Latest Record Project, Volume 1 is the 42nd studio album by Northern Irish singer-songwriter Van Morrison, released on 7 May 2021 by Exile Productions and BMG. The 28-track album includes the songs "Why Are You on Facebook?", "They Own the Media" and "Western Man". Released as a 2-CD set and on triple vinyl, the album marked a return to the UK top ten for Morrison, making the 2020s the fourth consecutive decade in which he has reached those heights.

==Critical reception==

While the album charted in the top ten in half a dozen countries, it received a "mixed or average" response from critics, scoring 52 out of 100 on review aggregator Metacritic. Reviewing the album for Rolling Stone, Jonathan Bernstein wrote that "Morrison's new record bears a strange resemblance to the unhinged, rambling feel of the pandemic-era internet: more often than not, its 28 tracks come across as a collection of shitposts, subtweets, and Reddit rants set to knockoff John Lee Hooker grooves." Alexis Petridis of The Guardian gave the album just one star in his review, praising the musical arrangements and performances while criticising its lyrical content as "boring and paranoid", describing the total product as "a genuinely depressing listen". Elizabeth Nelson of Pitchfork expressed a similar sentiment in her review, stating that "as with all things Van, his genius consistently shines through irrespective of the asinine context", while simultaneously describing Morrison's lyricism as egotistical and "transparently insane". Both Petridis and Nelson additionally commented on the presence of alt-right themes within the album.
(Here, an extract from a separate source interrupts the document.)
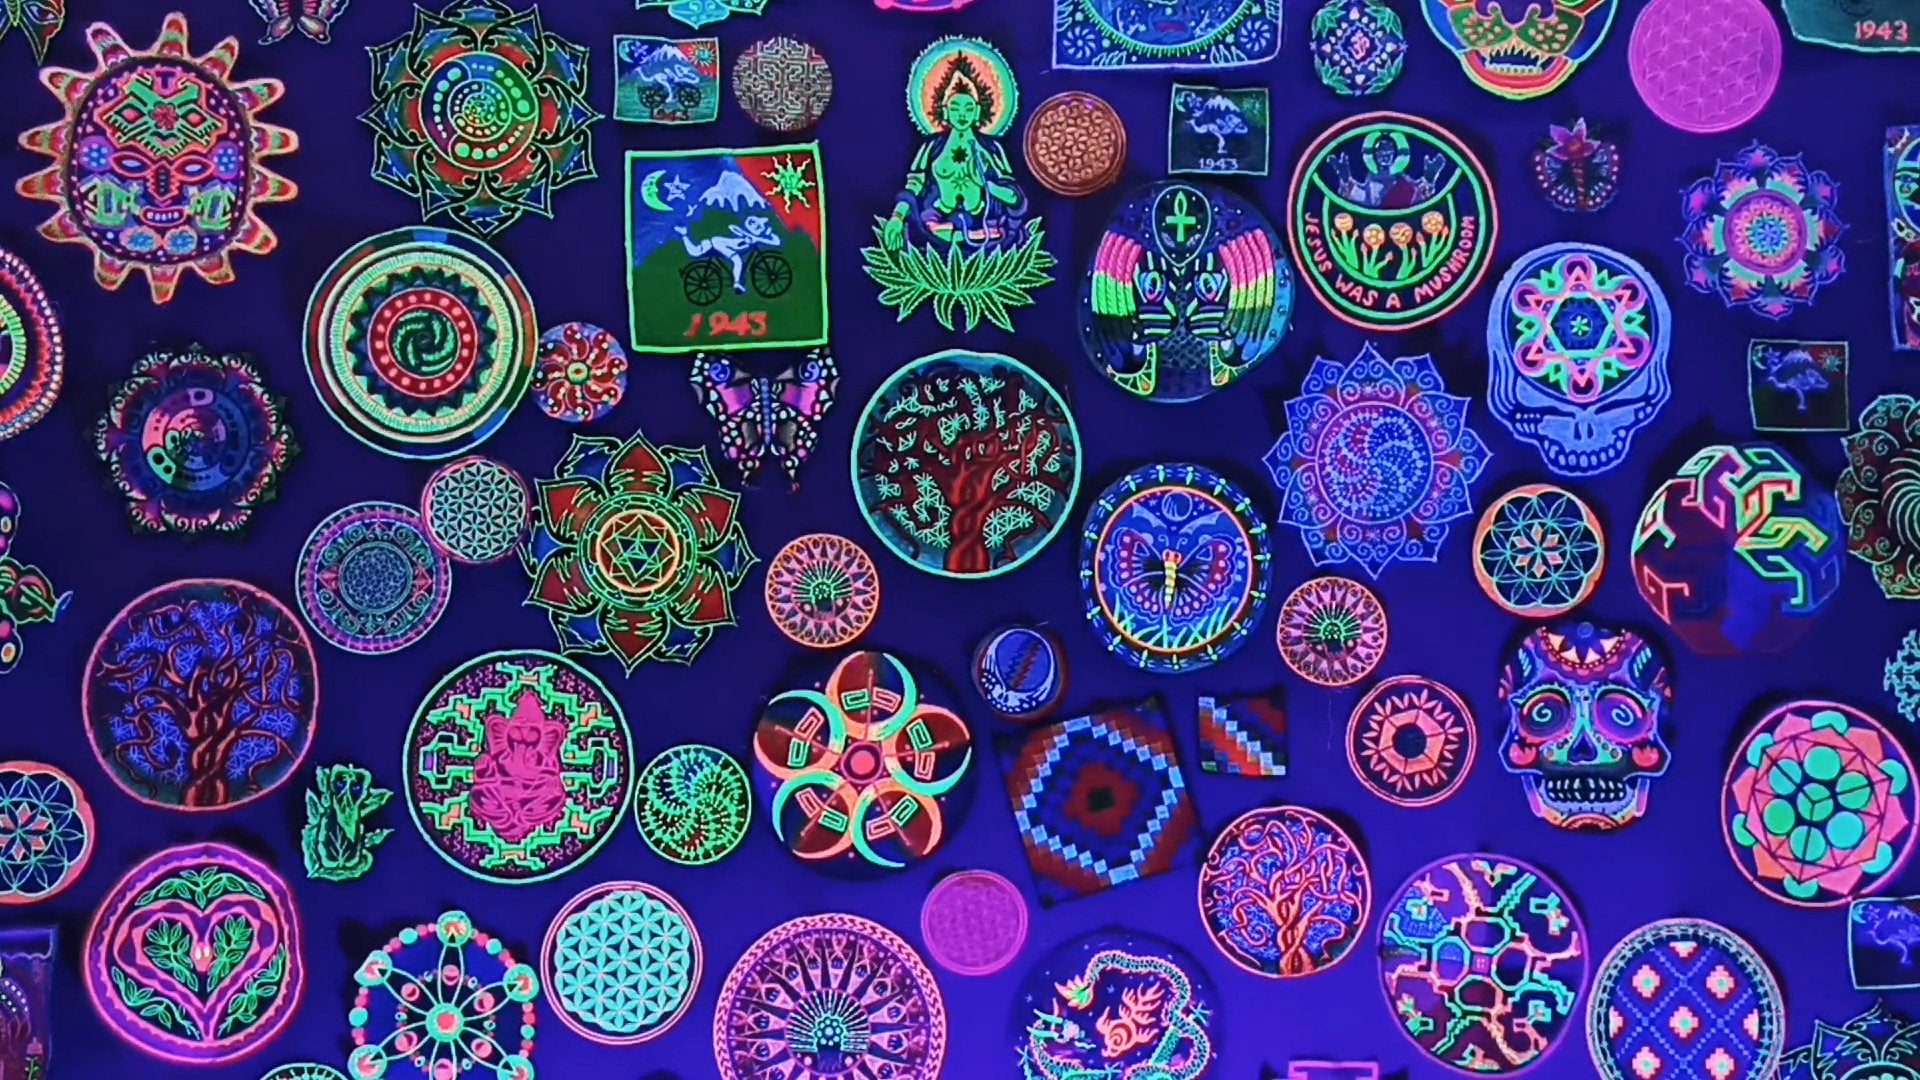 Flower of Life Tree of Life sacred geometry embroidery art patch blacklight glowing uv active for sew on machine washable ironable
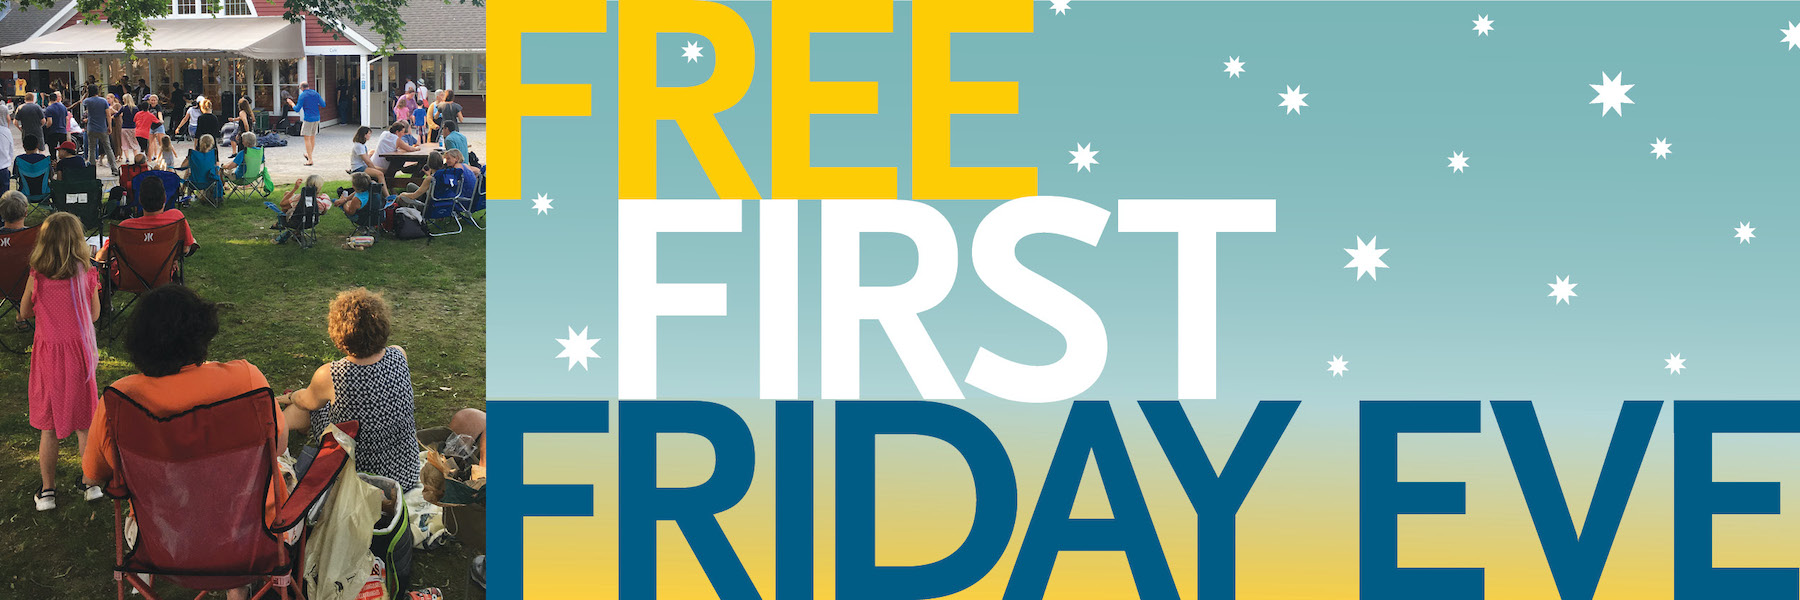 CANCELED – Free First Friday Eve

Rolling Stone later included the album at number 12 on its list of "50 Genuinely Horrible Albums by Brilliant Artists", calling its material "as lazy as [Morrison's] thinking" and stating that "We'd almost feel bad for the guy if he wasn’t using his art as a way to spread dangerously stupid messages about vaccines."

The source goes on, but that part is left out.